In Harper Lee's To Kill a Mockingbird, one event that changes Jem is the realization that Arthur (Boo) Radley is reaching out to the children in his own special way.
The first time Jem realizes Arthur is reaching out to the children is the night he and Dill decide to sneak onto the Radley property to try and get a glimpse of Arthur through the window, bringing an unwilling Scout along with them. When shots ring out, the three children flee in terror. During flight, Jem gets his pants caught on the barbed wire fence and must abandon them to escape. At two o'clock in the morning, Jem decides to go back to the Radley property to try to retrieve them. Later, he explains to Scout the surprising condition he found his pants in, which he left "all in a tangle":
When I went back, they were folded across the fence ... They'd been sewed up. Not like a lady sewed 'em, like somethin' I'd try to do. (Ch. 7)
These clues signify that Arthur had sewed up Jem's pants for him in an act of kindness.
During Scout's second grade year, Jem also begins to realize the items he and Scout are finding in the knothole of the oak tree on the Radley lot are actually gifts Arthur is intentionally leaving for the children. The biggest clue is when the children find bars of soap in the knothole that had been carved to look just like the children. Jem knows perfectly well that Arthur is the only one in the neighborhood reputed to have such excellent whittling skills.
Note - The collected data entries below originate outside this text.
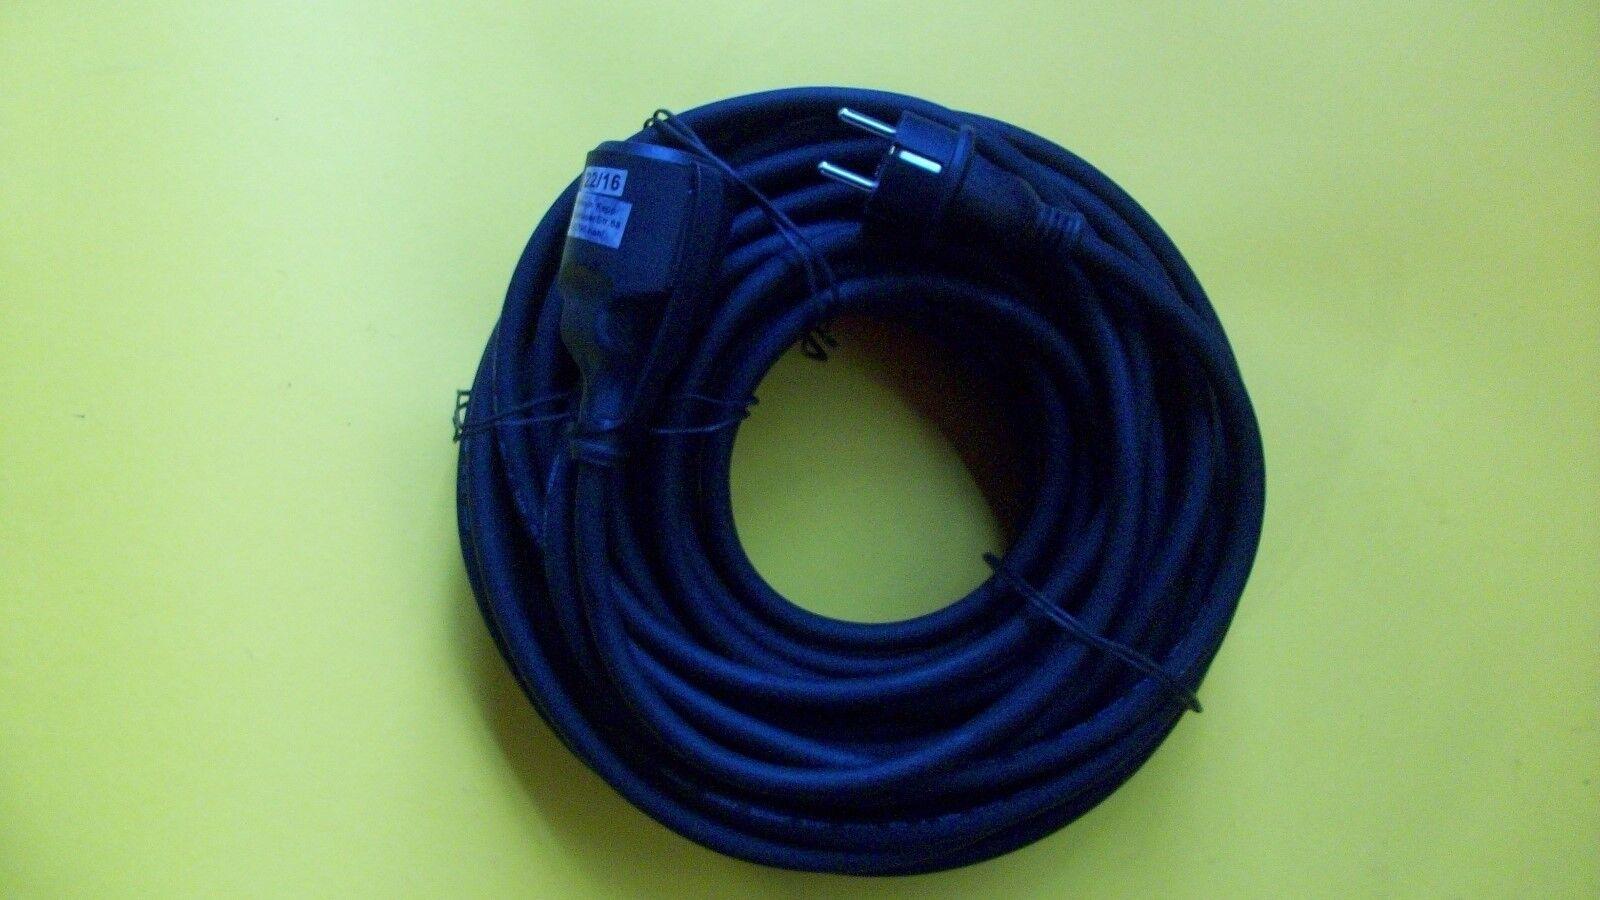 KOPP Gummi  Verlängerung 25m  IP44 schwarz | Starke Hitze- und Abnutzungsbeständigkeit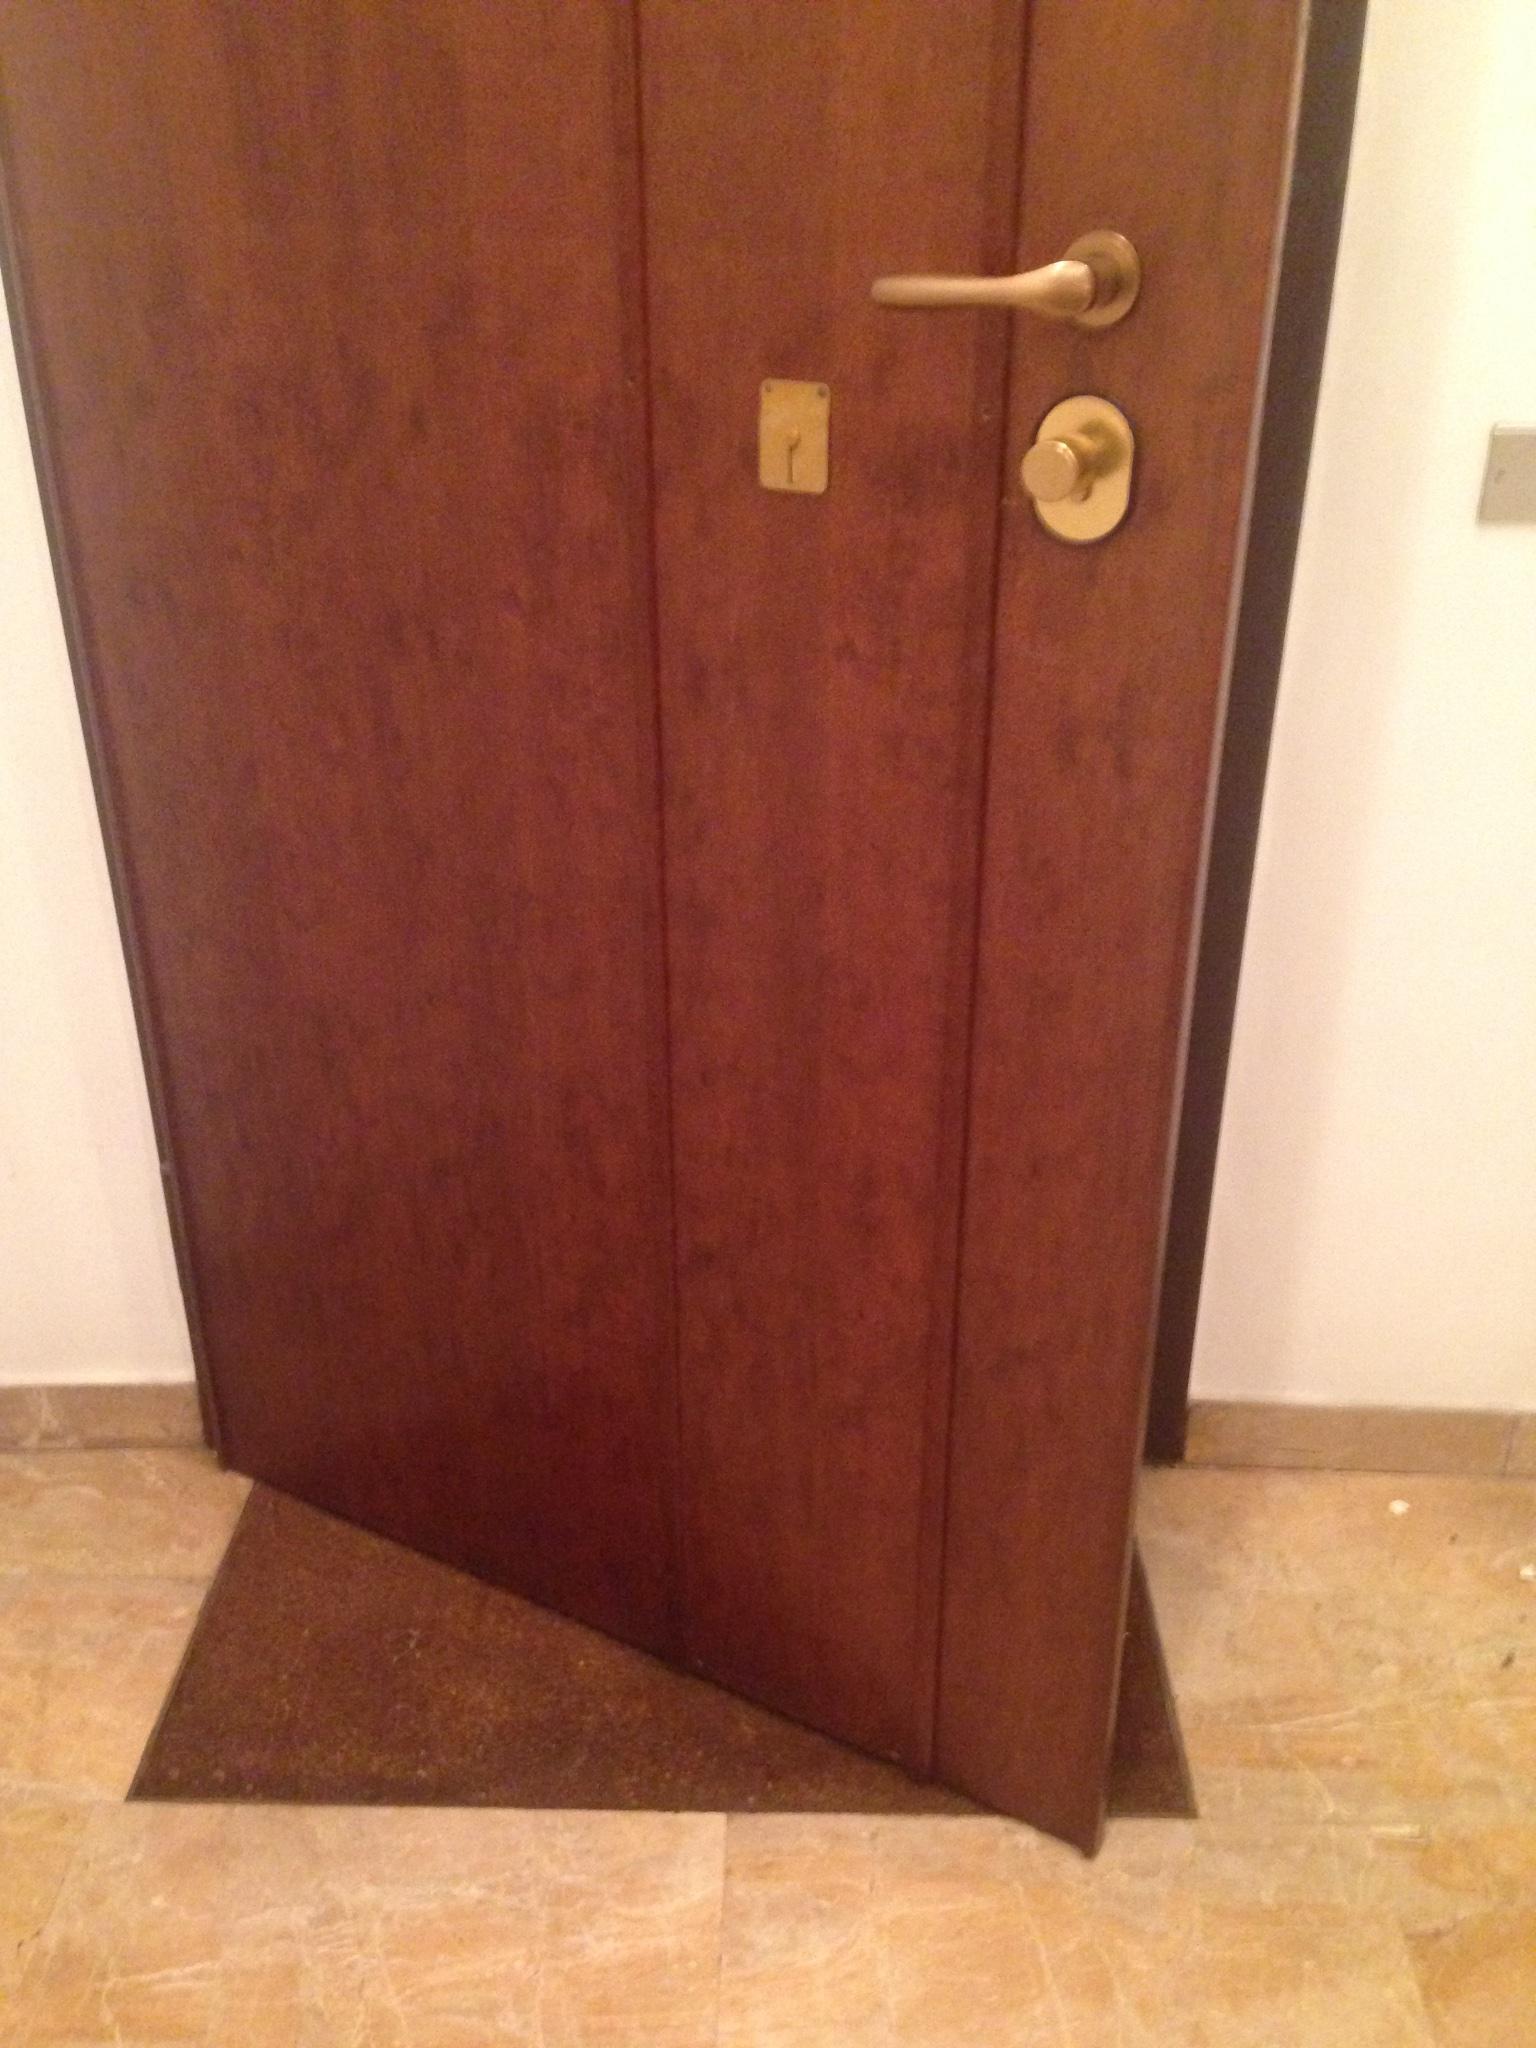 Sostituire Pannello Porta Blindata sostituzione pannello porta di ingresso blindata - instapro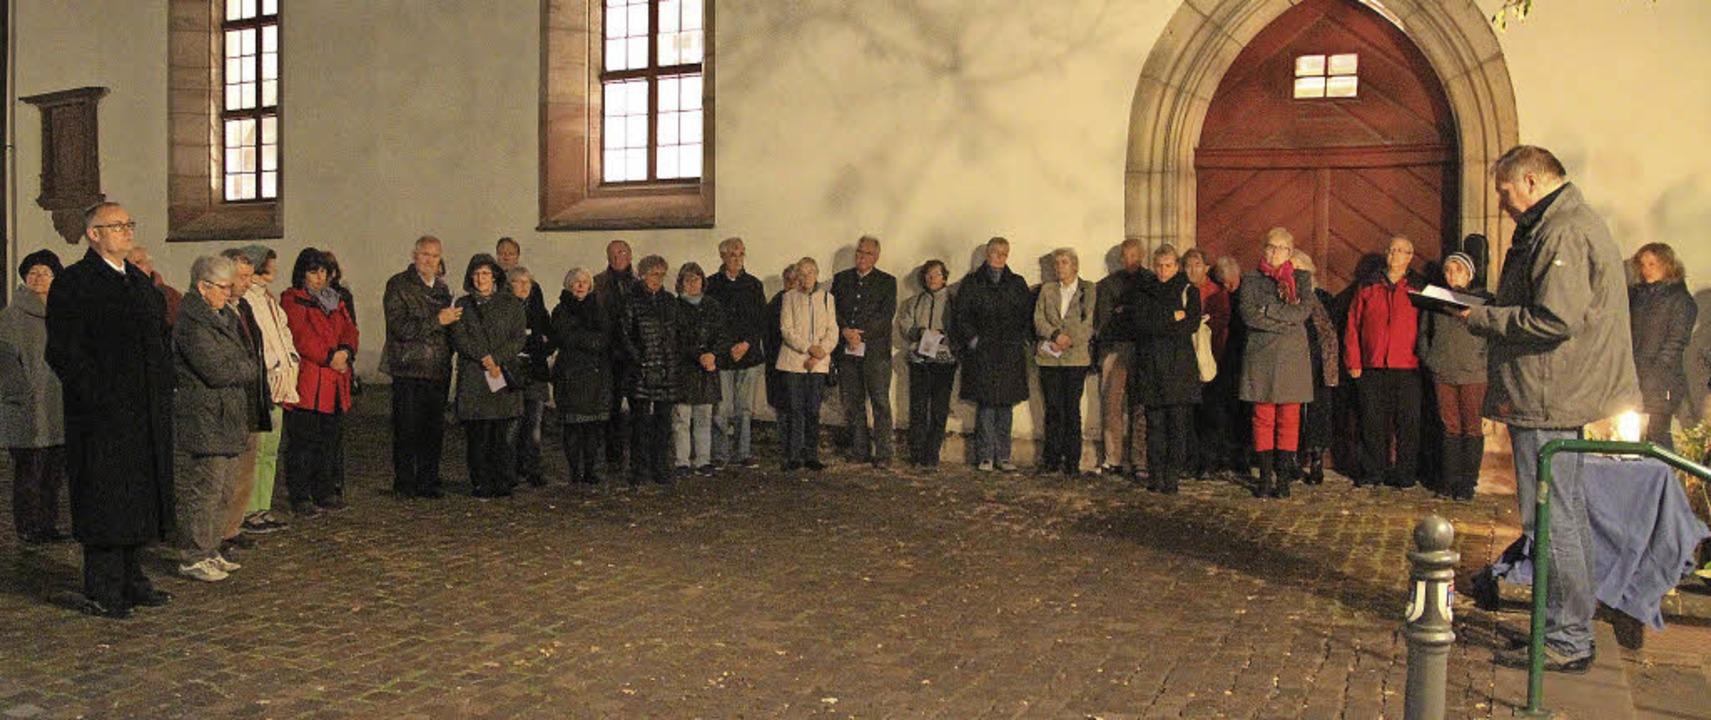 Eine Gedenkfeier  vor der Alten Kirche... ein ökumenischer Gottesdienst voran.     Foto: Anja Bertsch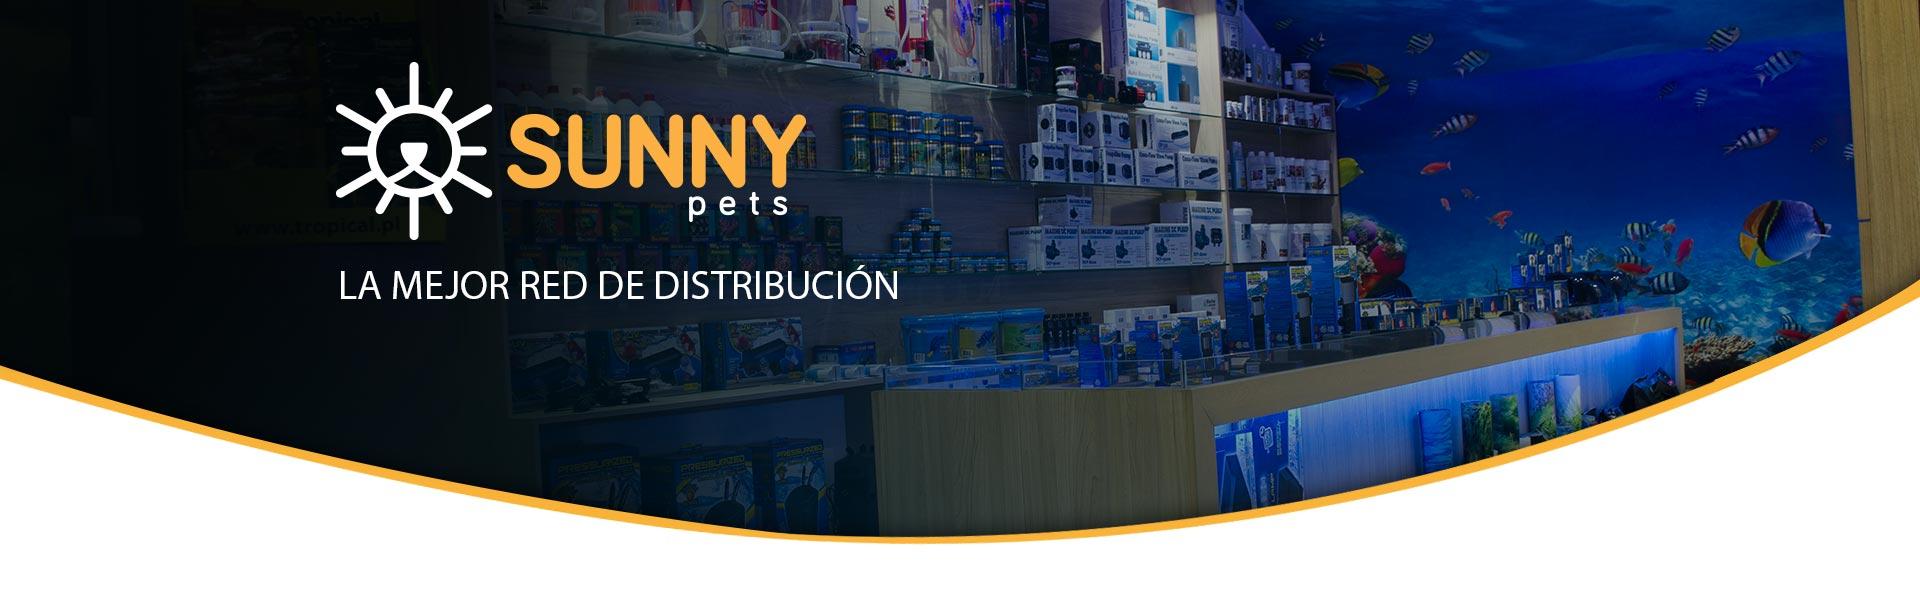 Distribuidor accesorios mascotas acuarios sunny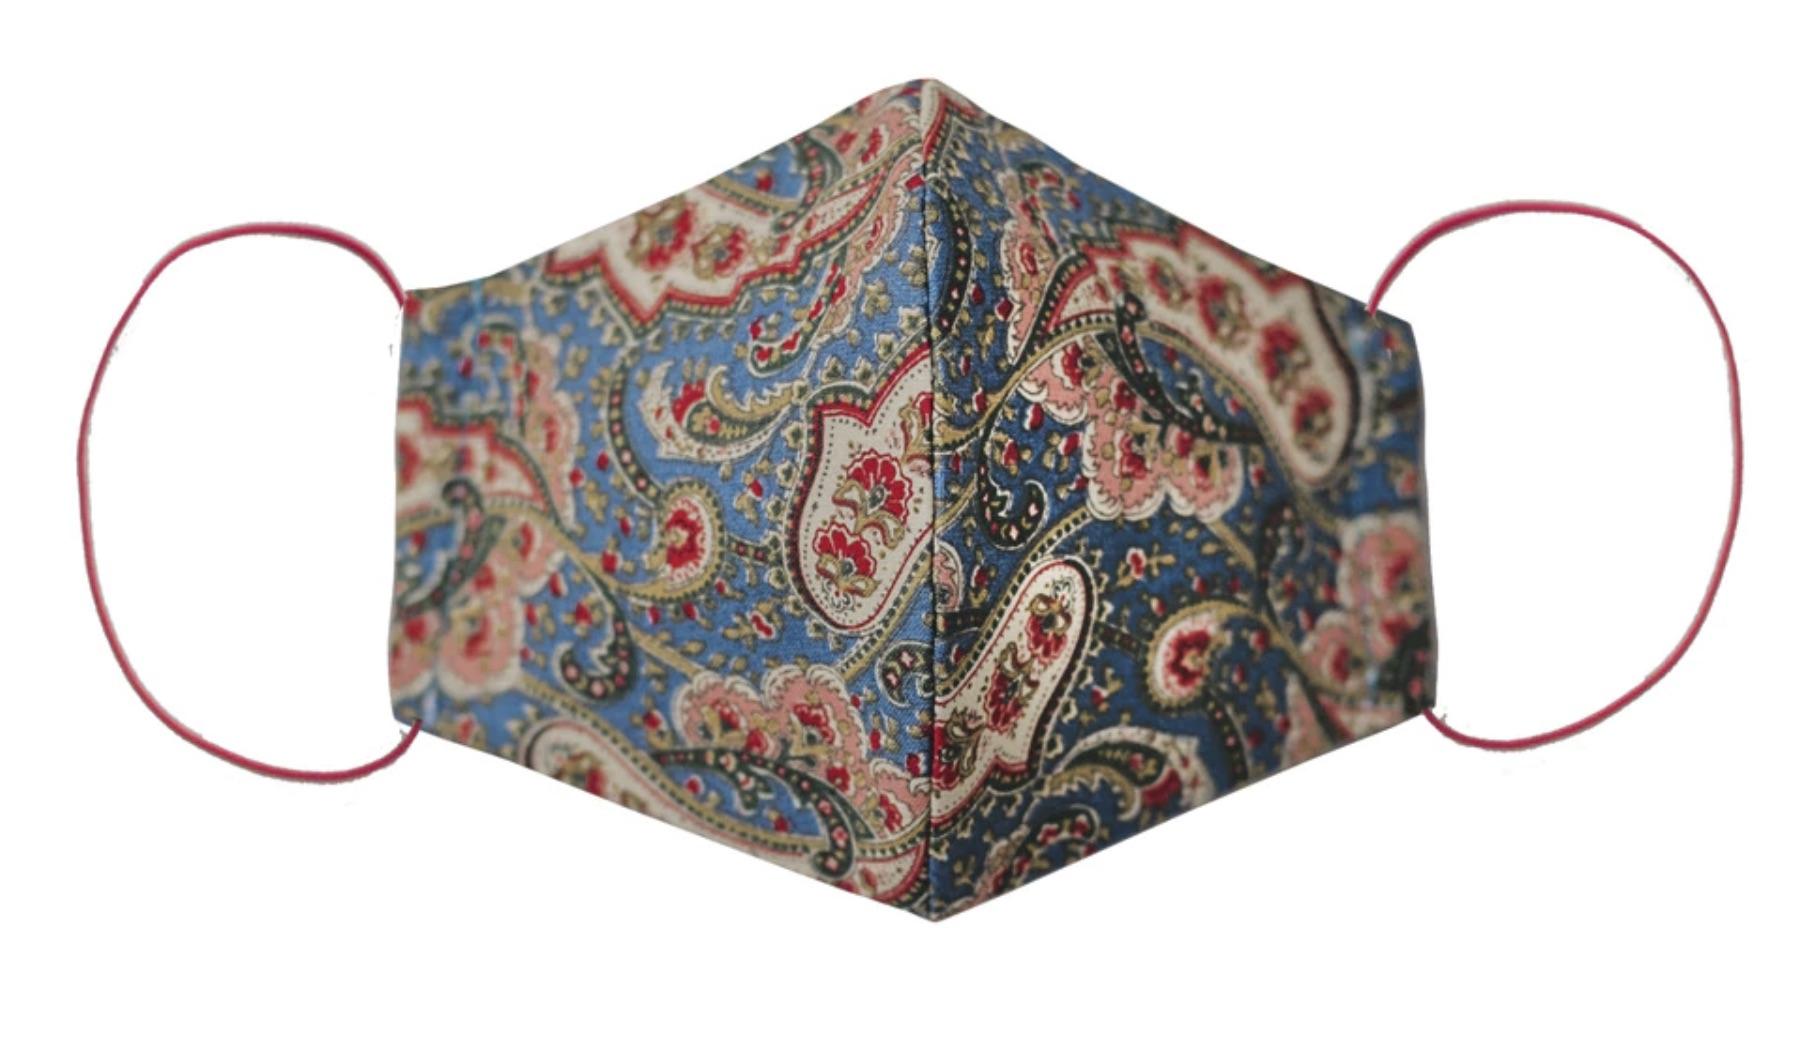 Mascarilla de tela higiénica reutilizable de tejido de algodón y filtro TNT.

As soon as Jem brings himself to realize that Arthur is silently reaching out to the children through gifts and kindness, he decides to leave Arthur a thank-you note in the knothole and is absolutely devastated to find that Arthur's older brother Nathan had filled in the hole with cement. Jem is so devastated he has no way to thank Arthur that it moves him to tears, as Scout notes at the end of Chapter 7.
But, Jem's tears are a sign that he is growing up and has been changed by the experience. His tears signify he feels guilty for having mocked Arthur through the game he and Dill invented and has come to see beyond the rumors and myths surrounding Arthur: Jem has come to see Arthur as a kind and caring person, albeit mysteriously reclusive for reasons of his own.